Pro-EU prime minister Keir Starmer is starting a year marking a decade since the Brexit vote by pushing for “even closer alignment” with the EU’s single market and promoting a “youth mobility scheme” that would amount to a return of free movement—effectively betraying the decision of Britons to leave.

Reports this week suggest the UK is preparing to enter “dynamic alignment” with the European Union in several areas, some agreed last year. This will allow Brussels rules to take effect automatically in Britain, without approval from MPs.

The Telegraph described this as “the first loss of UK sovereignty on standards since Brexit,” adding that the Labour government’s EU deal “is the worst of all worlds.”

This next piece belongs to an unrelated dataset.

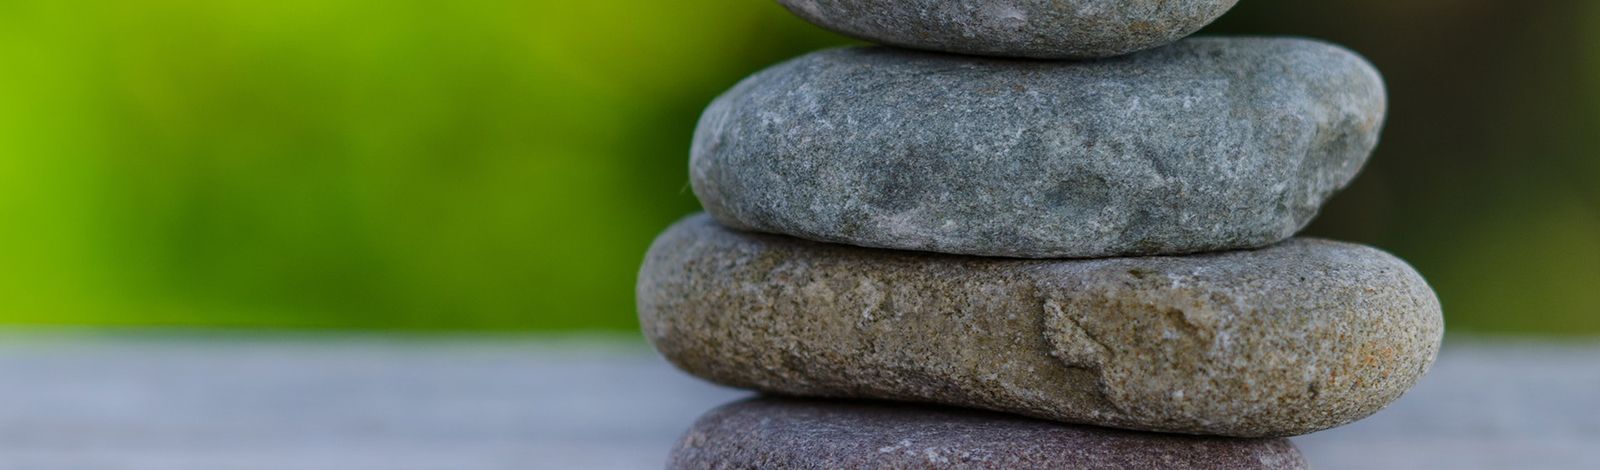 Zen stacked stones

There has also been some pushback from Nigel Farage’s Reform party. Trevor Lloyd-Jones, the party’s vice-chair for Aldershot, bashed the plans as a “disgrace,” adding:

Starmer’s really going to do it, he’s going to overturn Britain’s most important democratic decision in a generation.

Reform’s Bracknell branch jibed that Starmer is “unlikely” to be PM by the time these plans come into force, although “we will have another Europhile in his place, unfortunately.”

“Dynamic alignment” could lock Britain into Brussels’ net zero rules, regardless of Parliament’s wishes. Reports warn that EU decisions could also reshape UK law on food standards, pesticide use, and animal welfare.

On the last of these points, Conservative frontbencher Andrew Griffith noted that “EU standards are lower than the UK—why would Labour want that?” He added that Net Zero Secretary Ed Miliband “is doing a perfectly good job of ruining British manufacturing with high energy costs without needing more help from Brussels.”

Former Margaret Thatcher aide Nile Gardiner said Starmer “is surrendering to Brussels.” Not that there was ever any doubt that he would do this. Though it is debatable whether the Tories would have done much better had they won the last general election.

A bill outlining these changes will reportedly be introduced to Parliament—which will later be shut out of decision-making—this spring or summer.